Just to be clear, the Parse Server that's standing up to support Live Query is connected to the production MongoDB, but it definetly is not exposed to the outside world and cannot accept parse server connections.
Just to be clear, the Parse Server that's standing up to support Live Query is connected to the production MongoDB, but it definetly is not exposed to the outside world and cannot accept parse server connections.
That should be fine then, but I'd rather have the full parse-server separated which is the way for scaling it up. I would not expect the need to make calls to parse-server on each message.
See:
let httpServer = require('http').createServer(express());
httpServer.listen(config.get('/port/parseLiveQuery'));
let liveQueryParams = {
appId: 'appId',
javascriptKey: '',
masterKey: '',
serverURL: '...', // public URL for the parse-server to use
redisURL: config.get('/server/redis')
};
let parseLiveQueryServer = ParseServer.createLiveQueryServer(httpServer, liveQueryParams);
One thing I overlooked, you mentioned ACL’s used roles, can you do the same with the server running with VERBOSE=1. It is fine to have a ‘sidekick’ parse-server as you have to prevent network.

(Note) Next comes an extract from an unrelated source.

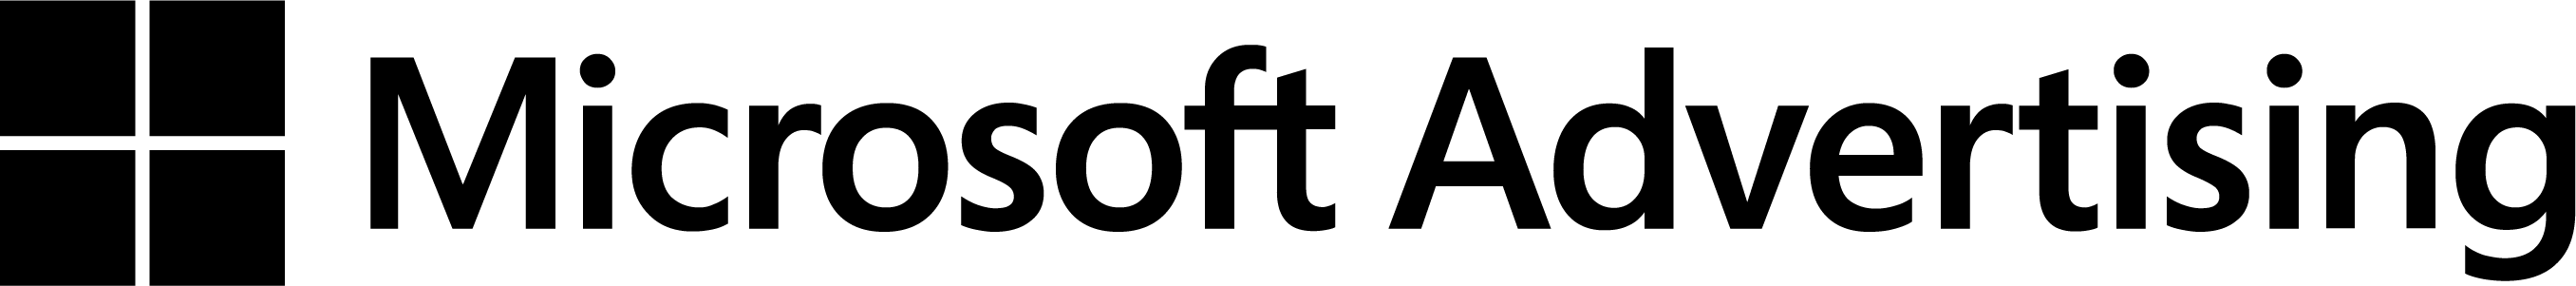 MS Advertising logo horiz black rgb

I would guess that the roles queries are making your server slow.
Putting them externally may speed things up, but not guaranteed. Can you confirm?

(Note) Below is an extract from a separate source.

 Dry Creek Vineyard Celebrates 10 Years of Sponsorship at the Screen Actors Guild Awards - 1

I'm deploying with your "lite" live query as you describe...Will report in a few min.
Yes. I'm using ACLs and the user's session token to get notified about changes to object in classes that the user "owns" via their ACL.
Wes
Ok, the initial results are looking positive. I have another commitment right now, so I will let this run and will report back later tonight or first thing tomorrow.
Thank you so much for your time and help today. I think we're getting very close.
Wes
@wfilleman can you check the branch on #4387 's PR (liveQuery-CLP) as it contains a shared cache for roles and it may impact your issue in a good way.
@flovilmart WOW! Just loaded up https://github.com/parse-community/parse-server/pull/4387 and attached my 4 clients. CPU is between 1-3%. Incredible.
Confirmed: My issue was with the frequent accessing of the roles saturating the CPU. Your caching approach nailed my issue perfectly! THANK YOU!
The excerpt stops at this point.